HDFS is designed to shop a lot of data, typically petabytes (for very large files), gigabytes, and terabytes. This is accomplished by using a cake-structured filesystem. Individual files are carve up into stock-still-size blocks that are stored on machines across the cluster. Files made of several blocks generally practice not have all of their blocks stored on a unmarried machine.

HDFS ensures reliability past replicating blocks and distributing the replicas beyond the cluster. The default replication gene is three, meaning that each block exists iii times on the cluster. Cake-level replication enables data availability fifty-fifty when machines neglect.

This chapter begins past introducing the cadre concepts of HDFS and explains how to interact with the filesystem using the native born commands. After a few examples, a Python client library is introduced that enables HDFS to be accessed programmatically from inside Python applications.

Overview of HDFS

The architectural design of HDFS is equanimous of two processes: a process known every bit the NameNode holds the metadata for the filesystem, and i or more DataNode processes store the blocks that make upwards the files. The NameNode and DataNode processes can run on a single auto, but HDFS clusters commonly consist of a dedicated server running the NameNode procedure and perhaps thousands of machines running the DataNode procedure.

The NameNode is the most important machine in HDFS. Information technology stores metadata for the unabridged filesystem: filenames, file permissions, and the location of each cake of each file. To allow fast access to this information, the NameNode stores the entire metadata structure in memory. The NameNode also tracks the replication cistron of blocks, ensuring that car failures do not issue in data loss. Because the NameNode is a single signal of failure, a secondary NameNode tin exist used to generate snapshots of the main NameNode's retentiveness structures, thereby reducing the risk of data loss if the NameNode fails.​

The machines that shop the blocks within HDFS are referred to equally DataNodes. DataNodes are typically commodity machines with large storage capacities. Different the NameNode, HDFS will go on to operate normally if a DataNode fails. When a DataNode fails, the NameNode volition replicate the lost blocks to ensure each block meets the minimum replication factor.

The example in Effigy 1-ane illustrates the mapping of files to blocks in the NameNode, and the storage of blocks and their replicas within the DataNodes.

The following section describes how to interact with HDFS using the built-in commands.

Figure 1-ane. An HDFS cluster with a replication factor of 2; the NameNode contains the mapping of files to blocks, and the DataNodes store the blocks and their replicas

Interacting with HDFS

Interacting with HDFS is primarily performed from the command line using the script named hdfs.

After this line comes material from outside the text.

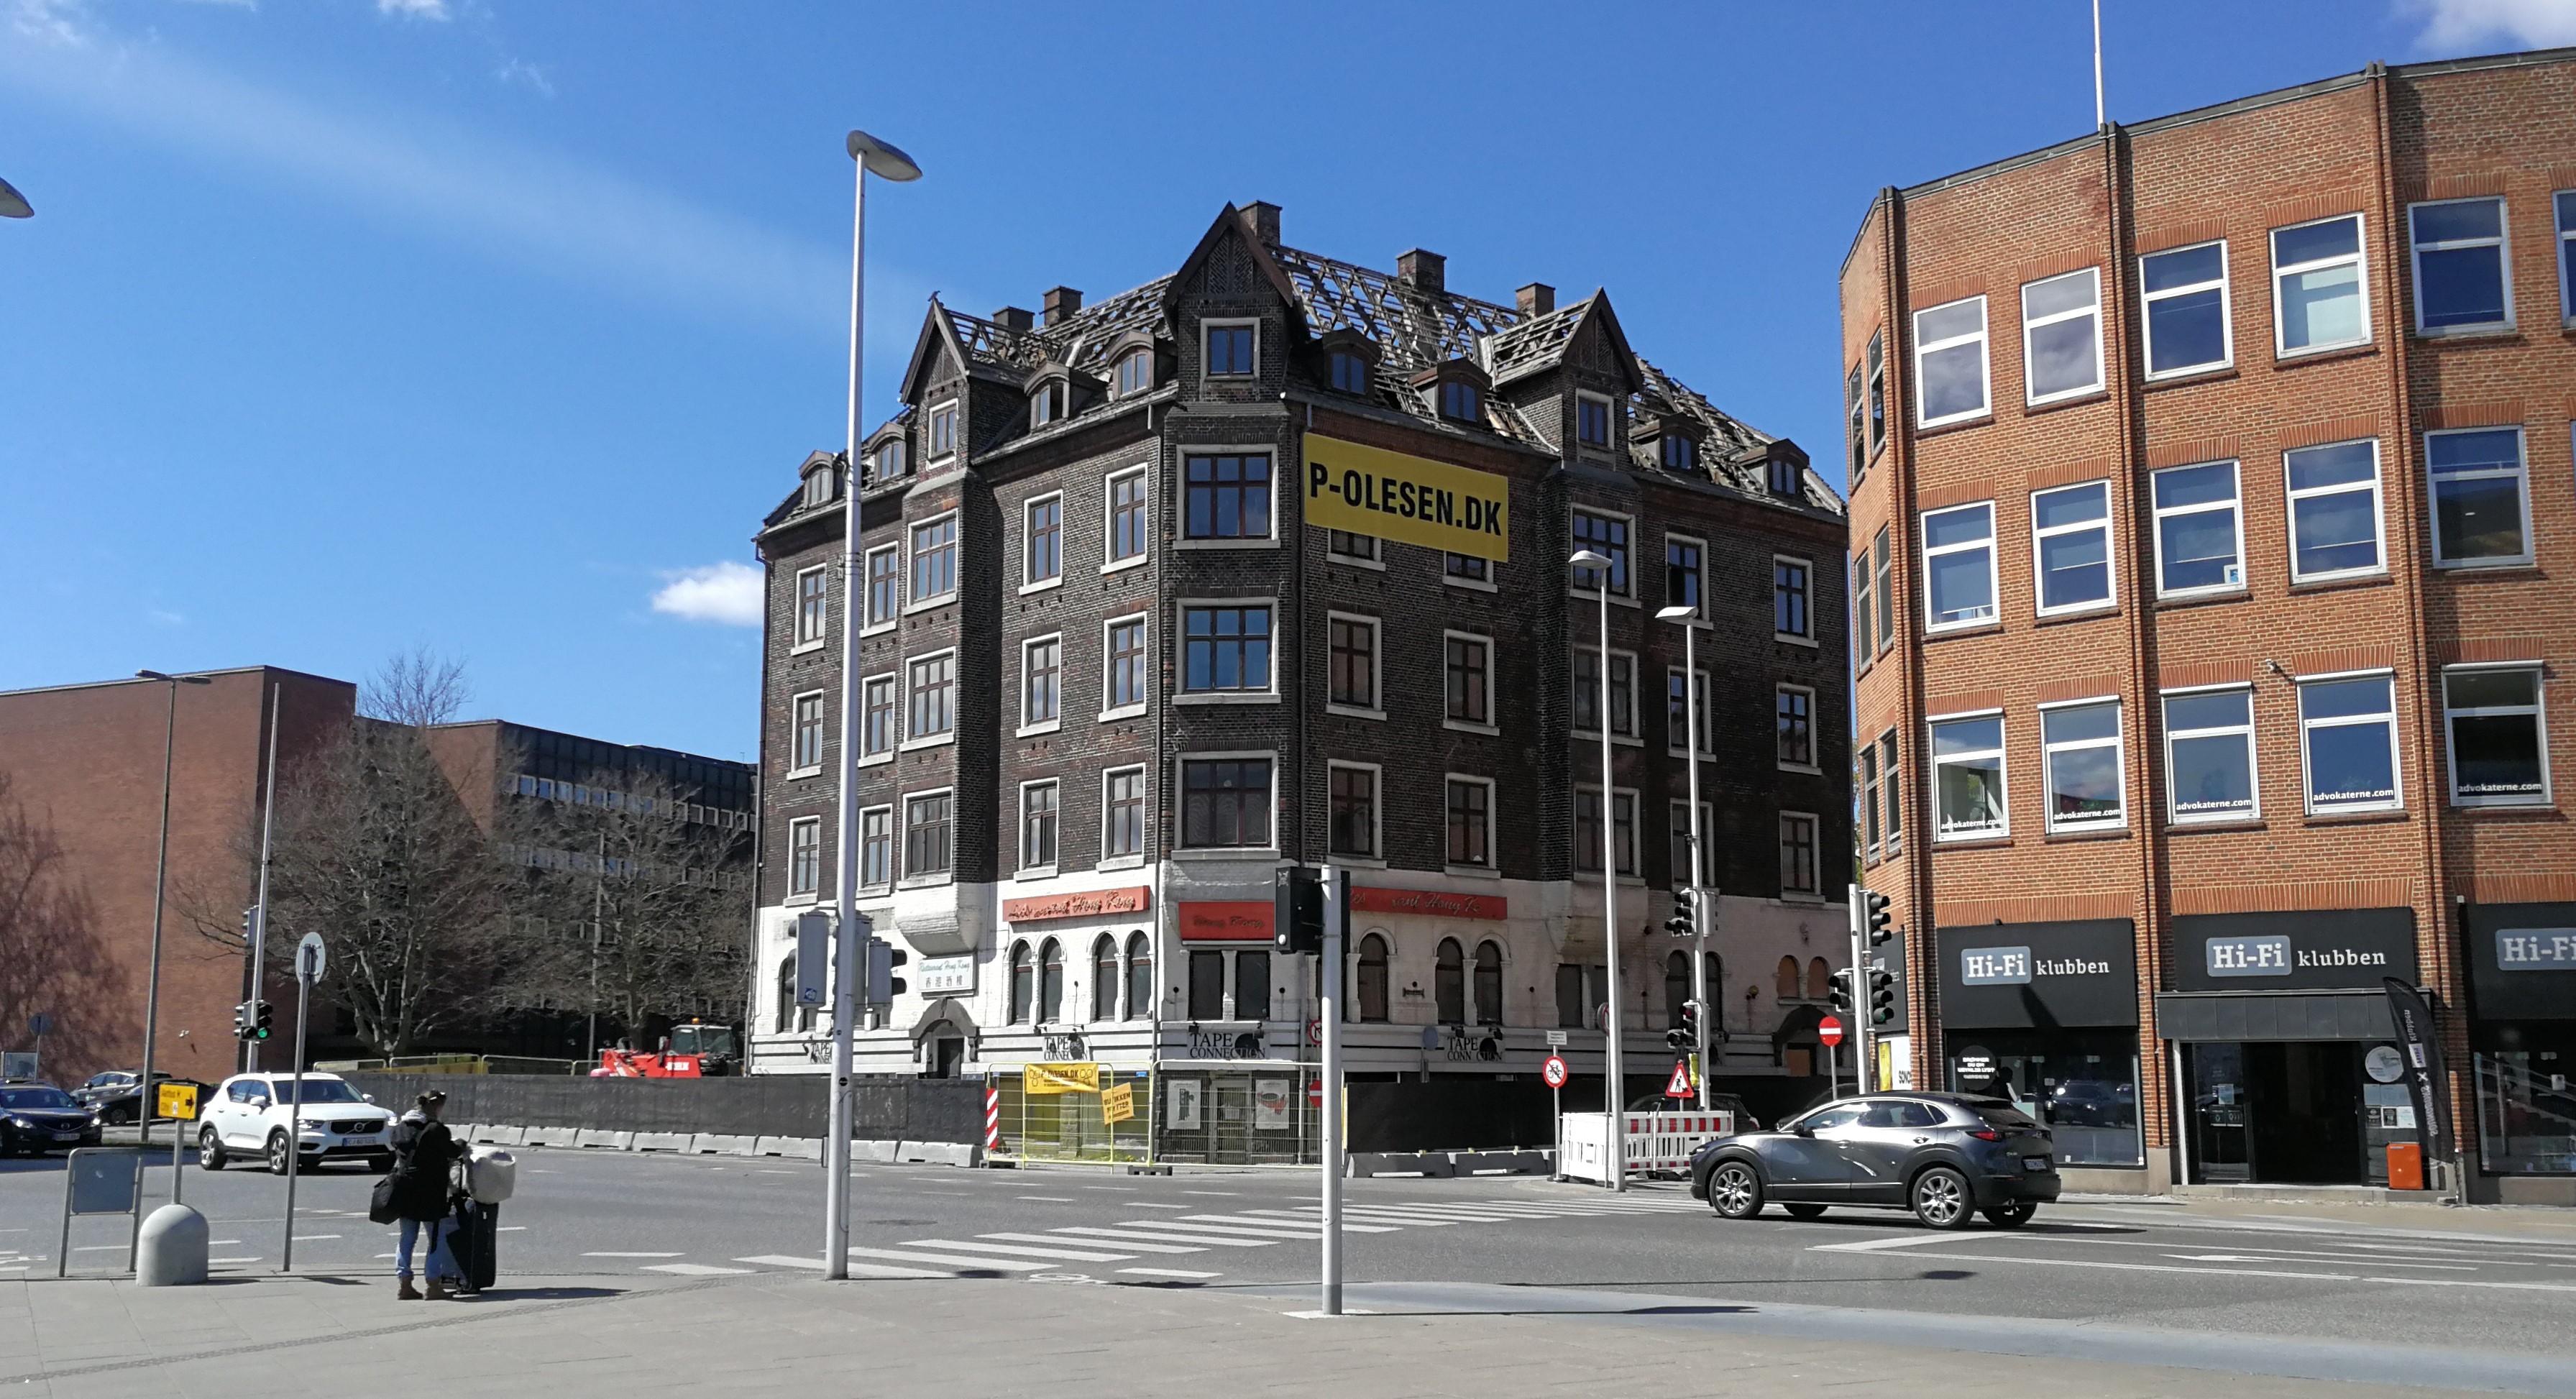 Bygning Jomsborg - nu revet ned

The hdfs script has the following usage:

$ hdfs Control [-option <arg>]          

The COMMAND argument instructs which functionality of HDFS will be used. The -choice argument is the name of a specific option for the specified command, and <arg> is one or more arguments that that are specified for this selection.

Mutual File Operations

To perform basic file manipulation operations on HDFS, use the dfs command with the hdfs script. The dfs control supports many of the aforementioned file operations found in the Linux trounce.

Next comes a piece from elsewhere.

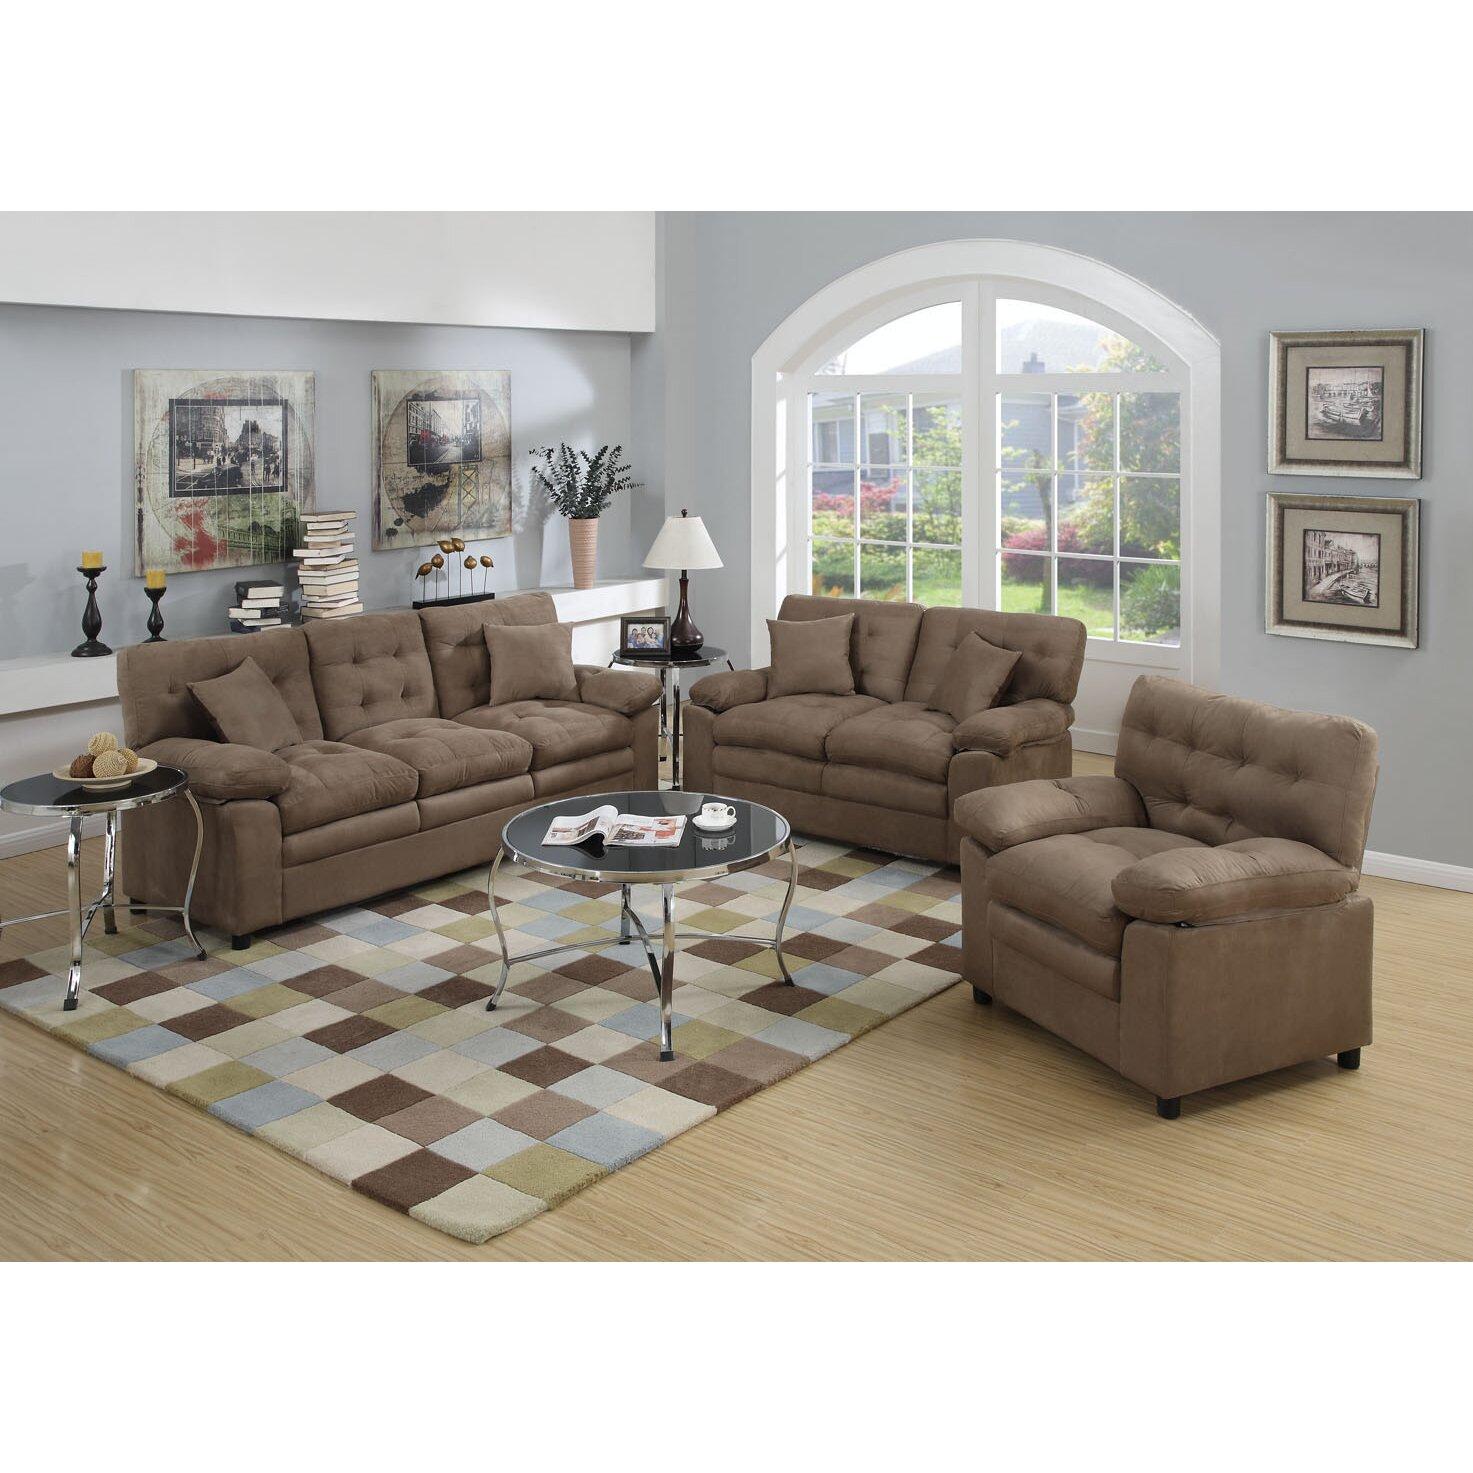 red barrel studio kingsport 3 piece living room set reviews. Black Bedroom Furniture Sets. Home Design Ideas

It is important to annotation that the hdfs command runs with the permissions of the arrangement user running the command. The following examples are run from a user named "hduser."

List Directory Contents

To listing the contents of a directory in HDFS, use the -ls control:

$ hdfs dfs -ls $              

Running the -ls command on a new cluster will not render whatsoever results. This is because the -ls command, without whatever arguments, will attempt to display the contents of the user's habitation directory on HDFS. This is not the same home directory on the host motorcar (e.g., /dwelling/$USER), merely is a directory within HDFS.

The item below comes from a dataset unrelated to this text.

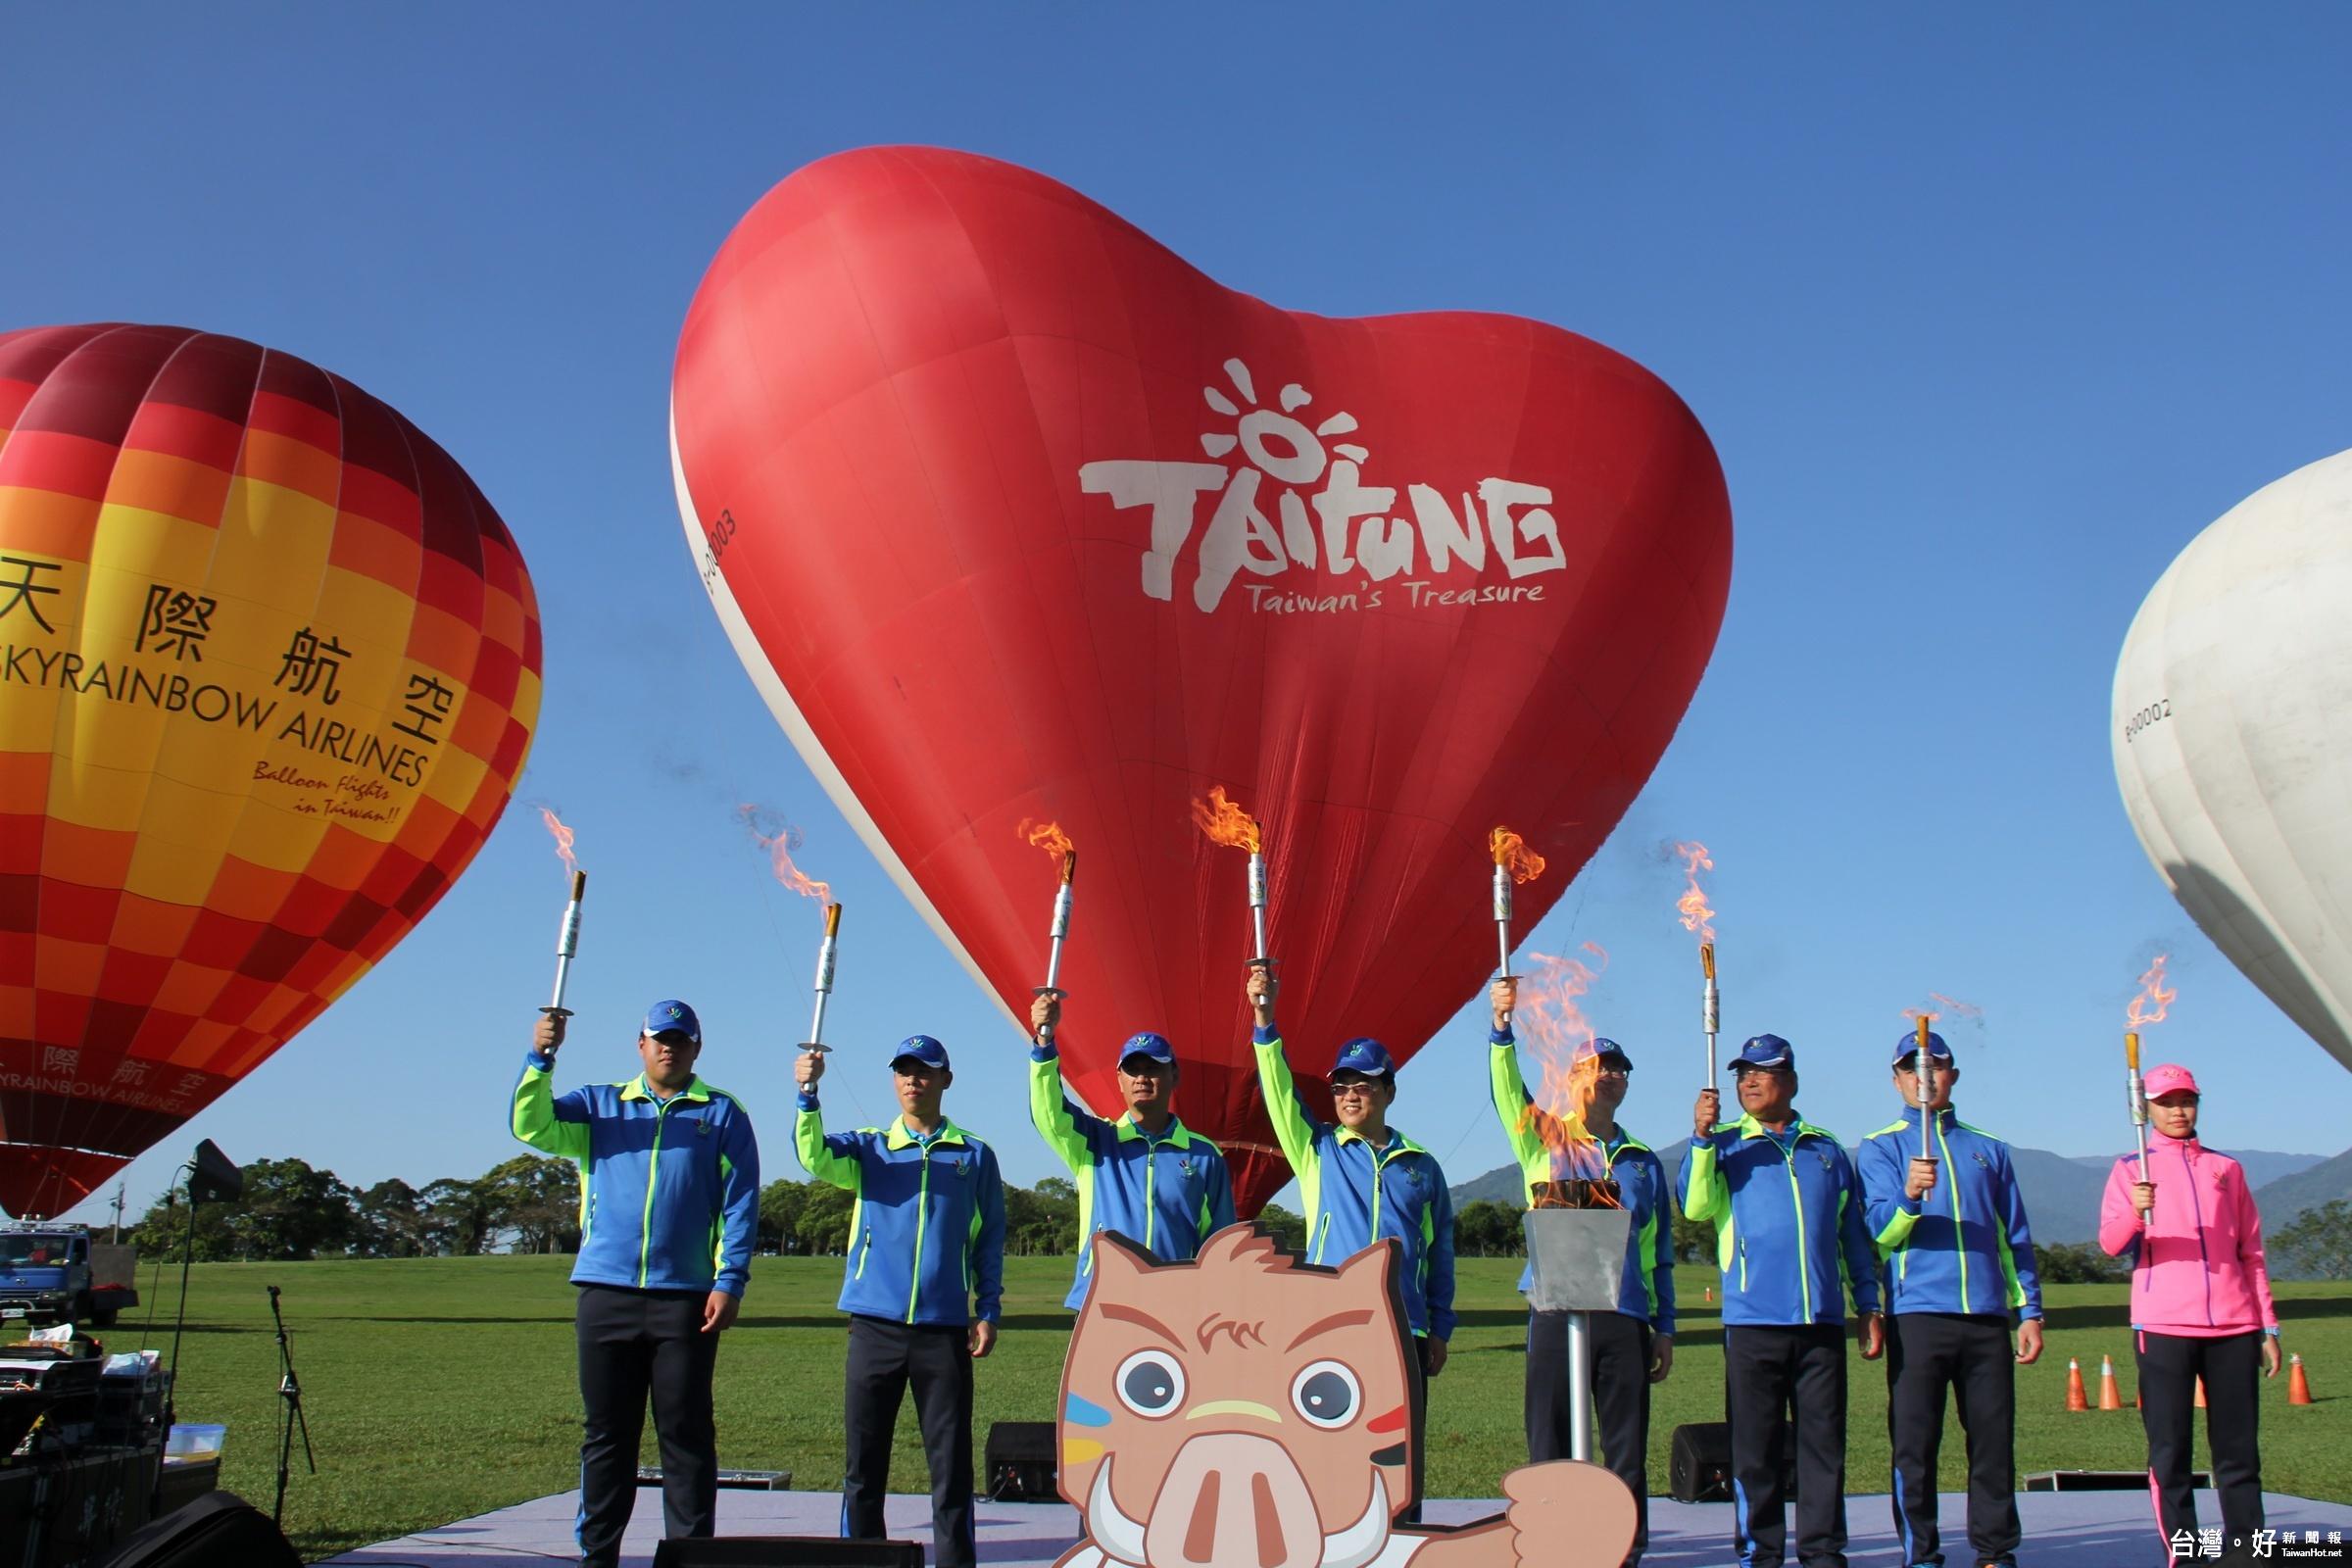 鹿野熱氣球引燃聖火 宣告全中運將開跑

Providing -ls with the forward slash (/) as an statement displays the contents of the root of HDFS:

$ hdfs dfs -ls / Found 2 items drwxr-xr-x   - hadoop supergroup    0 2015-09-20 fourteen:36 /hadoop drwx------   - hadoop supergroup    0 2015-09-20 fourteen:36 /tmp              

The output provided by the hdfs dfs command is similar to the output on a Unix filesystem. By default, -ls displays the file and folder permissions, owners, and groups. The two folders displayed in this example are automatically created when HDFS is formatted. The hadoop user is the name of the user under which the Hadoop daemons were started (e.g., NameNode and DataNode), and the supergroup is the proper name of the grouping of superusers in HDFS (e.one thousand., hadoop).

Creating a Directory

Abode directories within HDFS are stored in /user/$Domicile. From the previous example with -ls, it can be seen that the /user directory does non currently exist. To create the /user directory inside HDFS, apply the -mkdir command:

$ hdfs dfs -mkdir /user              

To make a home directory for the current user, hduser, utilize the -mkdir command over again:

$ hdfs dfs -mkdir /user/hduser              

Utilise the -ls command to verify that the previous directories were created:

$ hdfs dfs -ls -R /user drwxr-xr-x   - hduser supergroup    0 2015-09-22 18:01 /user/hduser              

Copy Data onto HDFS

After a directory has been created for the current user, data can be uploaded to the user'southward HDFS home directory with the -put command:

$ hdfs dfs -put /home/hduser/input.txt /user/hduser

This control copies the file /abode/hduser/input.txt from the local filesystem to /user/hduser/input.txt on HDFS.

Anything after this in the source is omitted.